German Chancellor Angela Merkel on Thursday “firmly” rejected calls to reverse her welcoming stance towards refugees following a series of brutal attacks in the country.
Merkel told reporters that the assailants “wanted to undermine our sense of community, our openness and our willingness to help people in need”.
“We firmly reject this,” she said.
Merkel, who interrupted a summer holiday at her cottage north of Berlin to face the media in the capital, told reporters that four brutal assaults within a week were “shocking, oppressive and depressing” but not a sign that authorities had lost control.
“Taboos of civilisation are being broken,” she said, referring to a series of deadly attacks in France, Belgium, Turkey and the US state of Florida as well as Germany. “These acts happened in places where any of us could have been.”
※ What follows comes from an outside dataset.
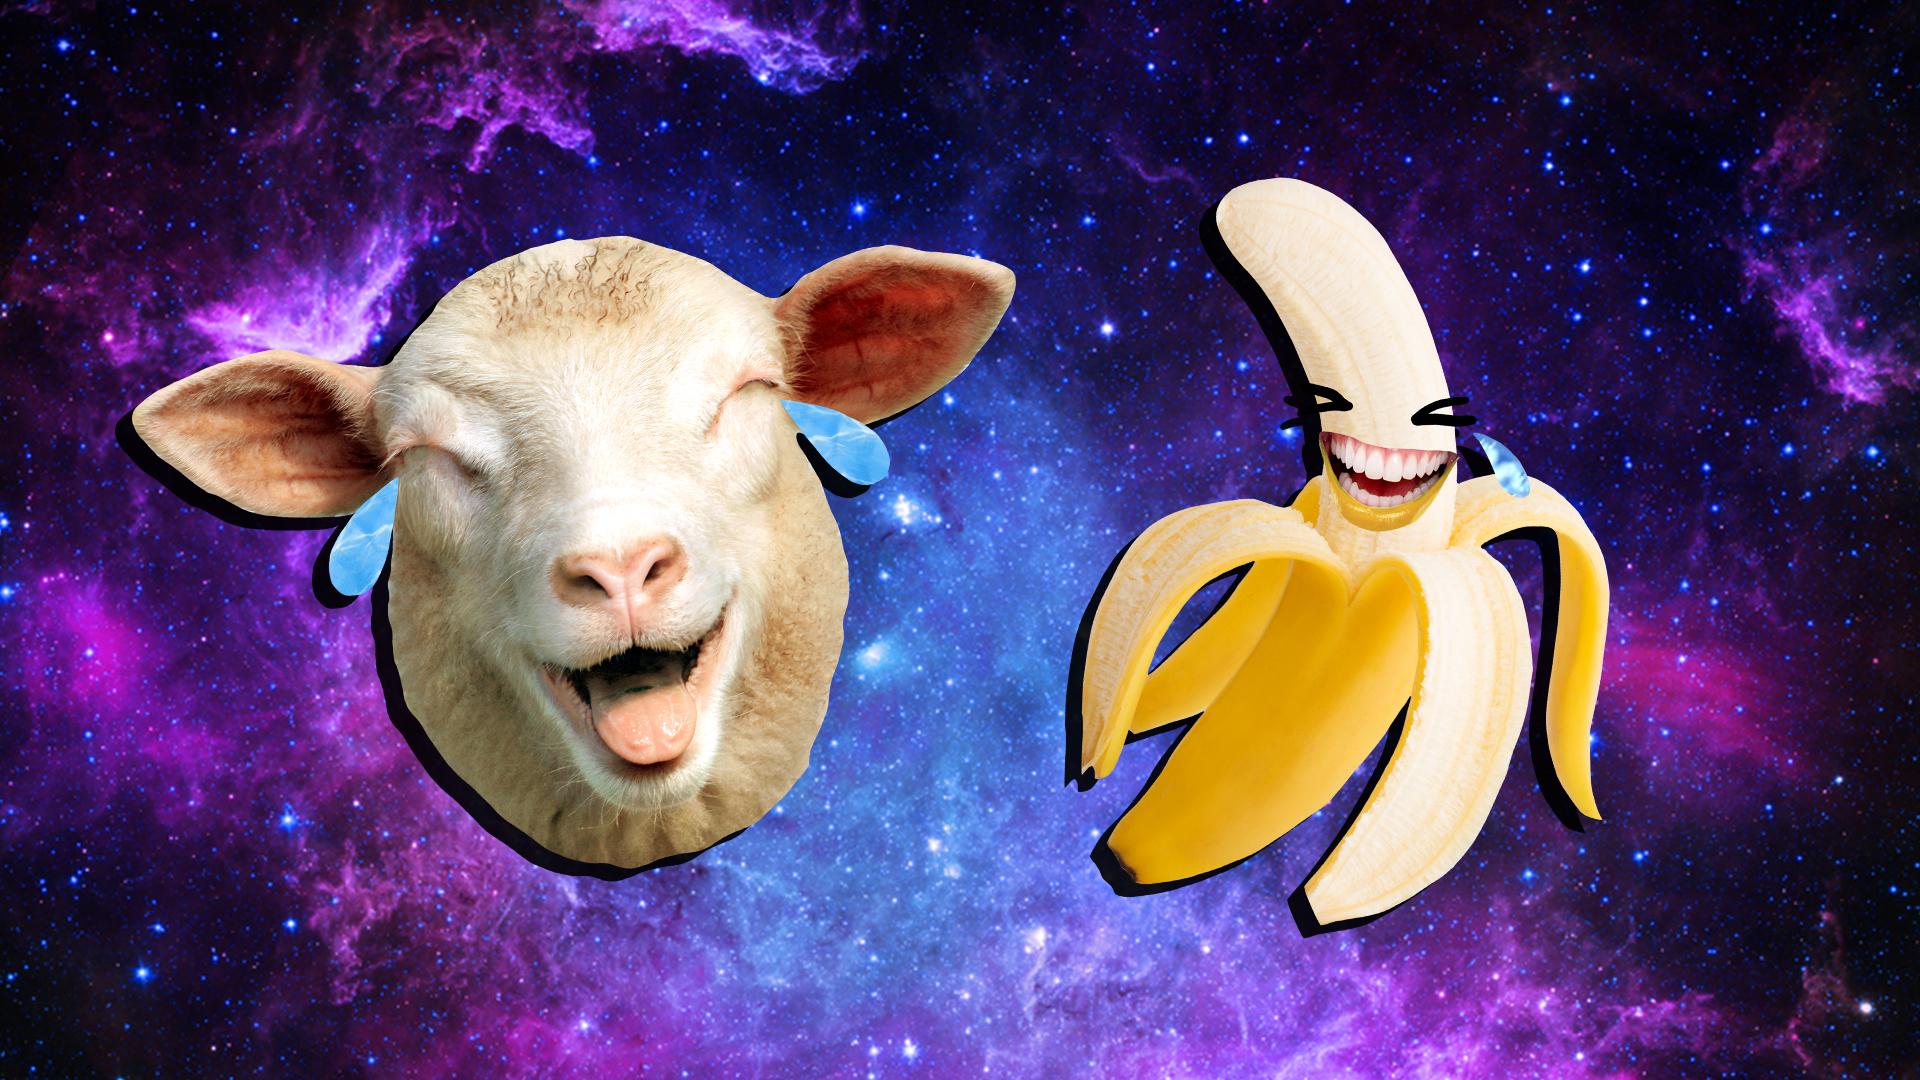 A cry laughing banana and sheep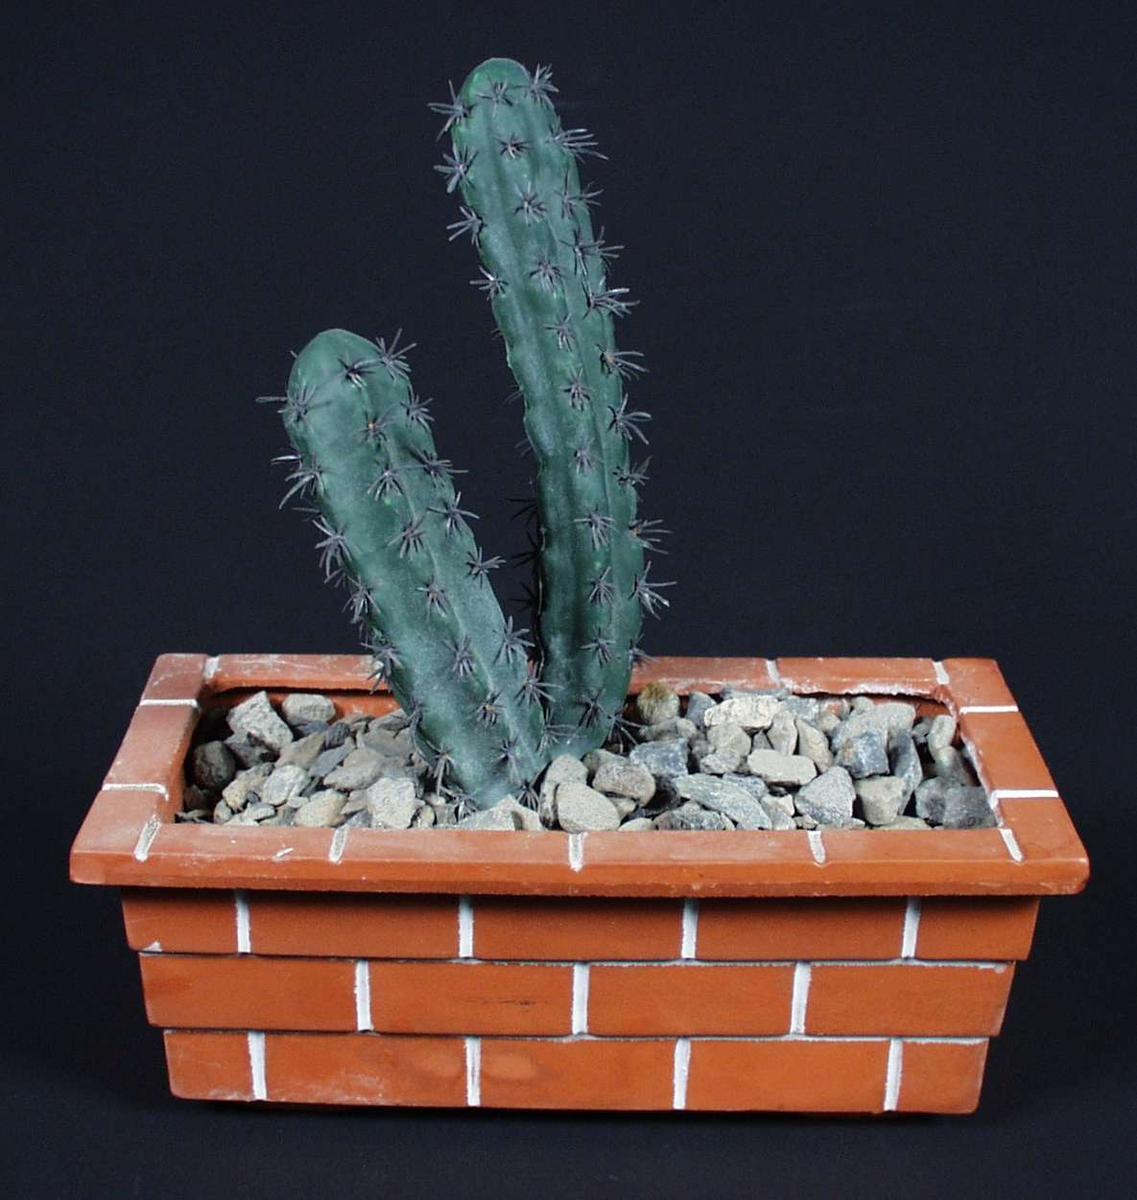 Firkantet blomsterpotte i keramikk med mønster som ligner teglsteinsmur. Kunstig kaktus med stein rundt.

But she repeated her rallying cry from last year when she opened the borders to people fleeing war and persecution, many from Syria, which brought nearly 1.1 million migrants and refugees to the country in 2015.
“I am still convinced today that ‘we can do it’ — it is our historic duty and this is a historic challenge in times of globalisation,” she said. “We have already achieved very, very much in the last 11 months.”
“The terrorists want to make us lose sight of what is important to us, break down our cohesion and sense of community as well as inhibiting our way of life, our openness and our willingness take in people who are in need,” she added. “They see hatred and fear between cultures and they see hatred and fear between religions. We stand decisively against that,” she added.